We were in the freezer section at the grocery store when we got the alert that classes for the next two days were cancelled because of the haze. Having a sleepover in the middle of the week was questionable considering we’d have to rush getting ready for classes the next morning, so I’d say screaming a little when we got the notification was more than justified.

Breakfast—only in the sense that it was our first meal of the day since we ended up eating at 2:30 PM—was my favourite part of the sleepover. We kept it simple: scrambled eggs, sausages, waffles, mini pancakes and orange juice. Squeezing the oranges by hand was a choice made only because the eldest of the group said it was impossible to do so without making a complete mess of yourself. As I’ve learned throughout my friendships with everyone, sometimes you just do things out of impulse. Even though it was the first time we had a sleepover, we were moving about the apartment as if we’d been living with each other for years. We had the cooks, the table setters and of course, the one who went back to sleep. 

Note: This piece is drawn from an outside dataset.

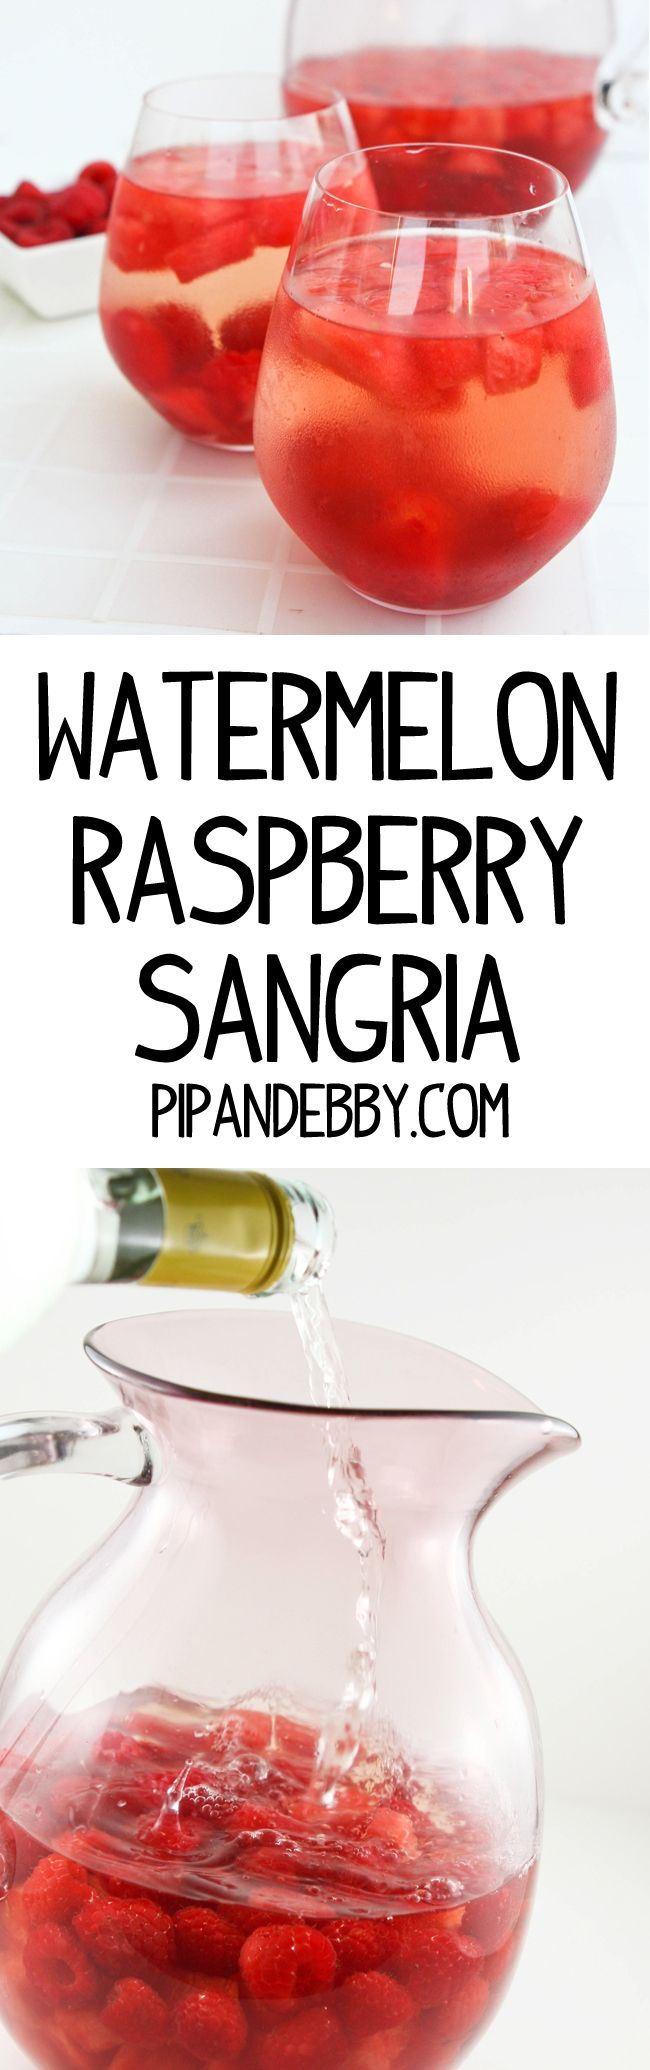 Watermelon RaspberrySangria - this sangria is super refreshing!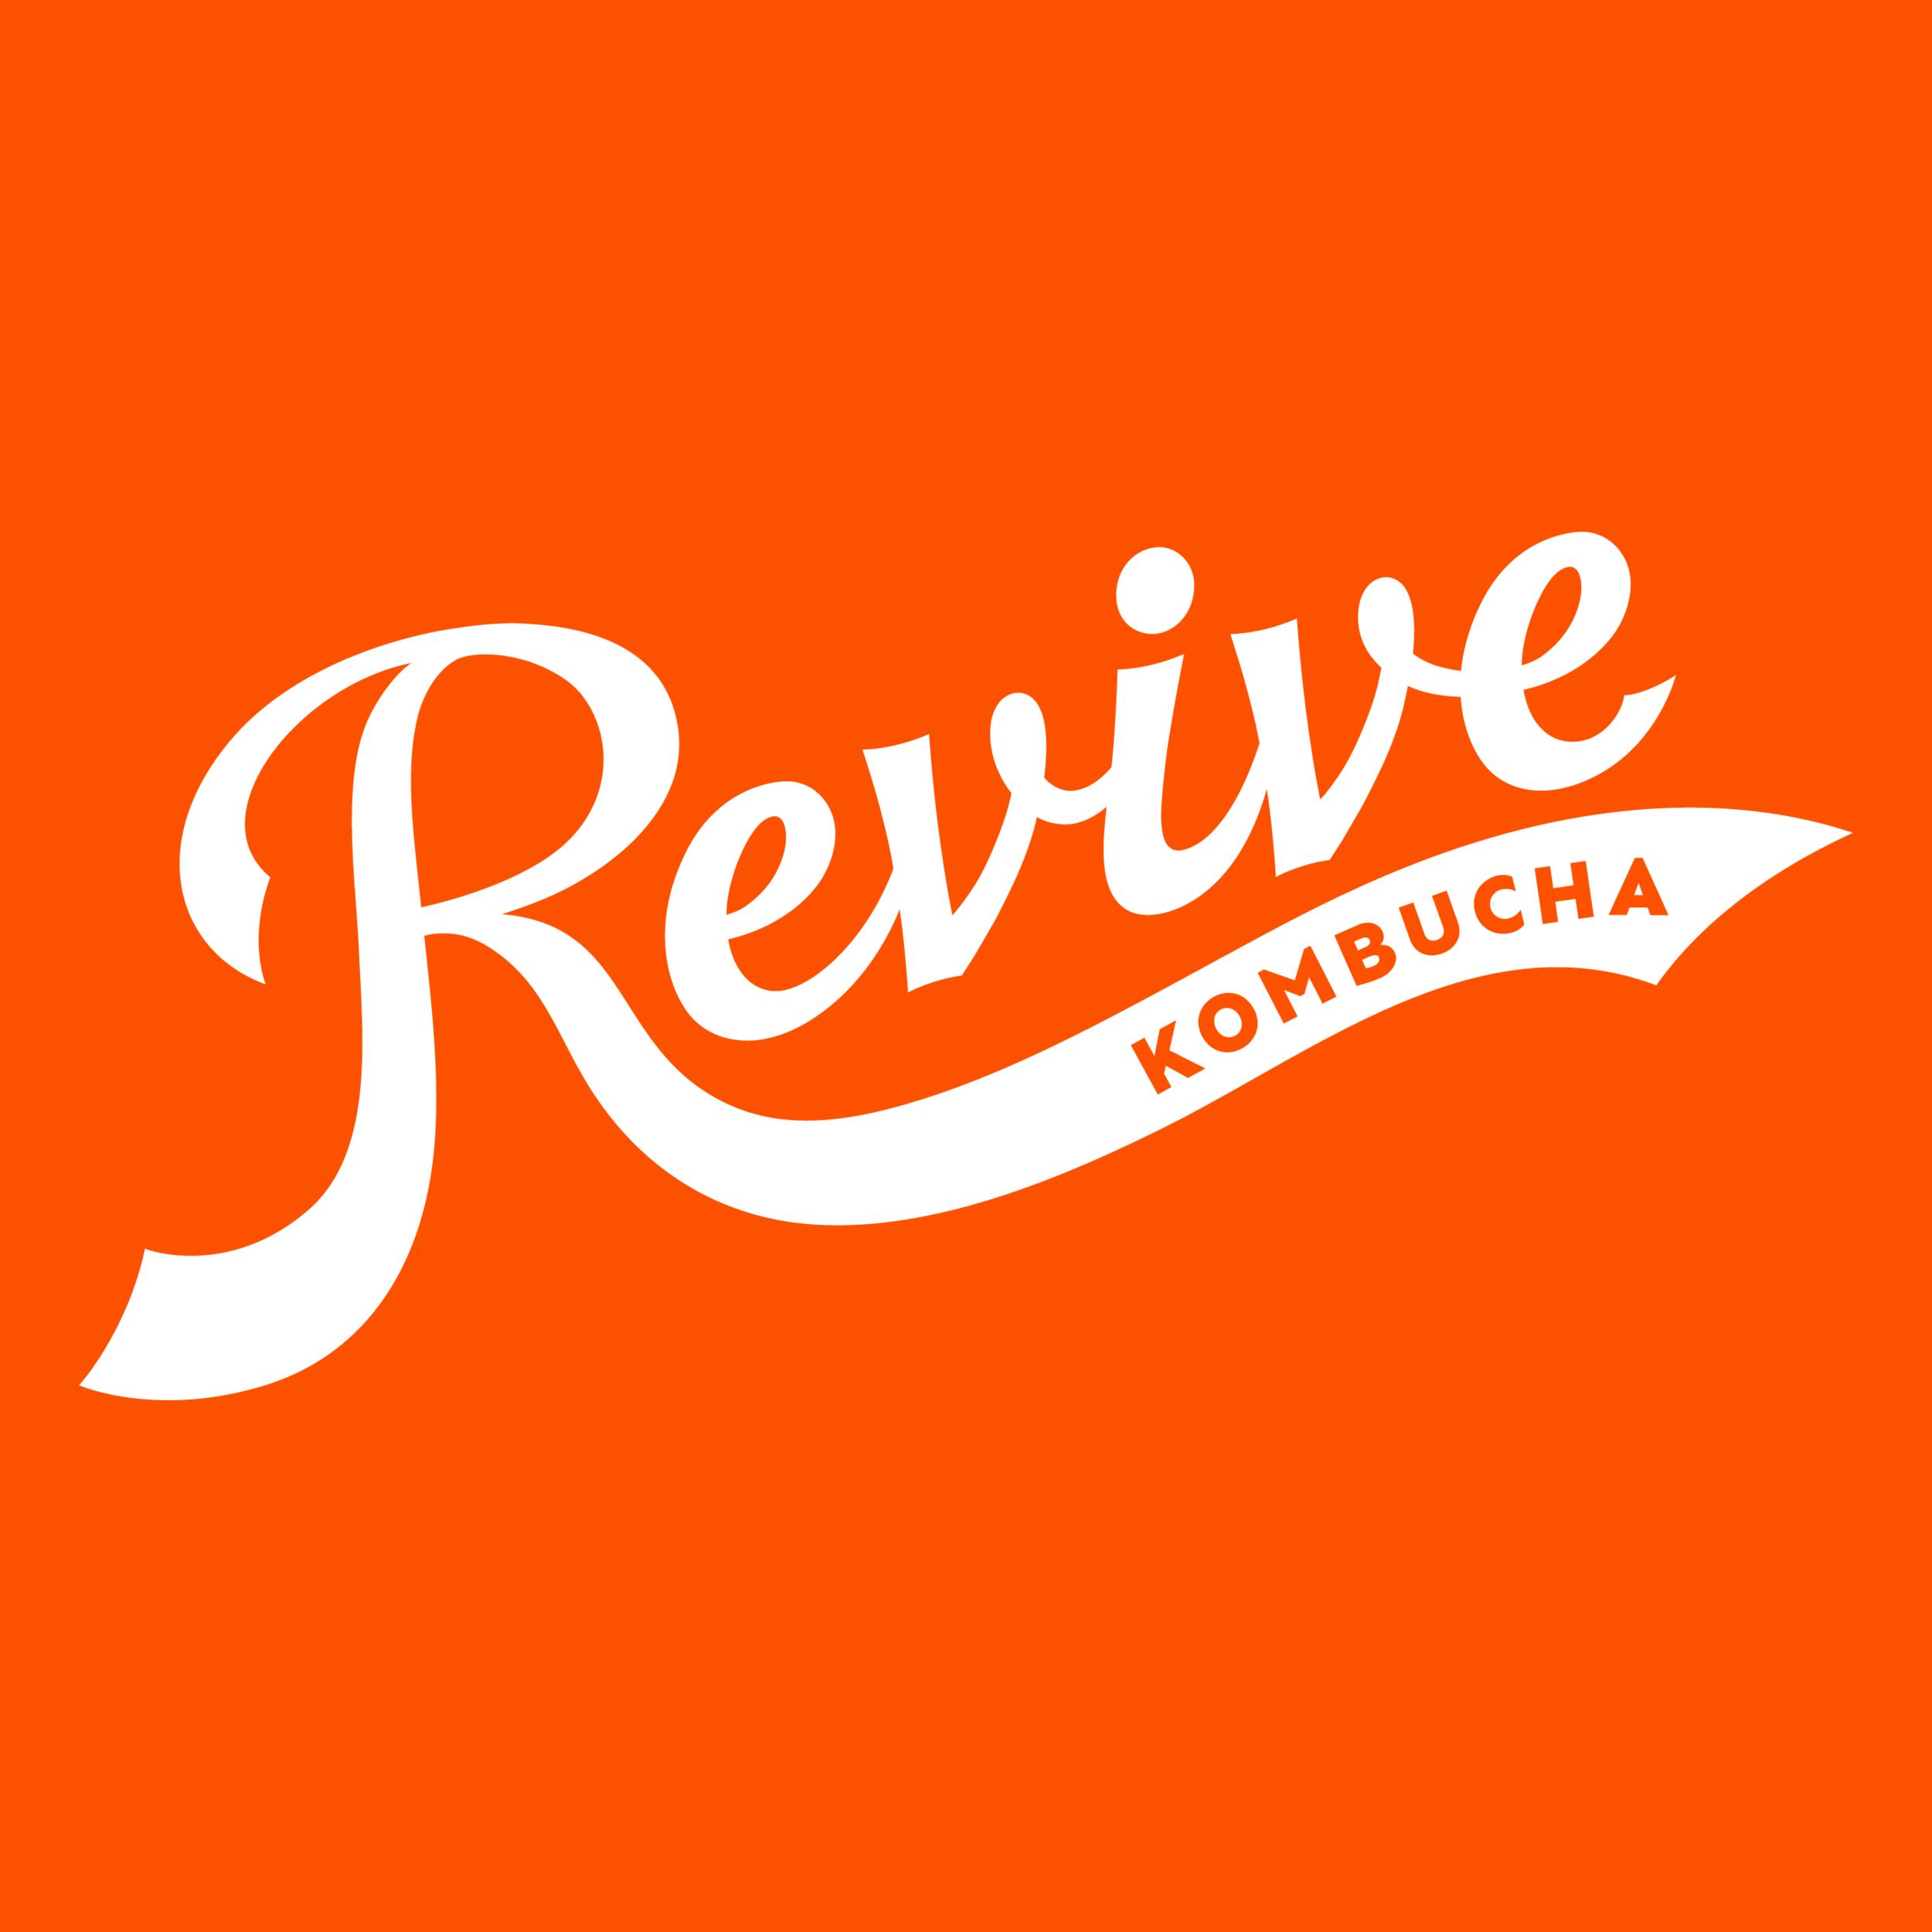 Logo_ReviveKombucha_WhiteOnOrange.png

For some reason, this meal felt different from the others. Maybe it was the fact that we were eating at the dining table for once, instead of gathering around the coffee table with half of us sitting on the floor and the other half on the sofas. Maybe it was the fact that I’d never eaten breakfast with them before. Or maybe, it was the fact that it reminded me so much of how things were at home. 

A Buffet of Memories

When my mum told me we had brownies the other day, I thought of the night after my last exam, when we made them in the toaster oven and played cards until 3 a.m. While I was making Japanese curry for my family last week, I thought of how we’d dance to K-pop and hope our neighbours couldn’t see us through the kitchen window. Packing leftover rice reminds me of the time I was ambushed with a pot of surplus rice and told to help finish it because there wasn’t much left to keep anyway. Out of nowhere, I’ll remember the time I made noodle soup in the rice cooker—the stove was broken at the time—and being torn between interrupting an assignment call and waiting for it to end because I knew you were hungry. Even when we’re apart, some of us nearby and others hours away by plane, I’m kept company by the food we’ve had and the memories we’ve made.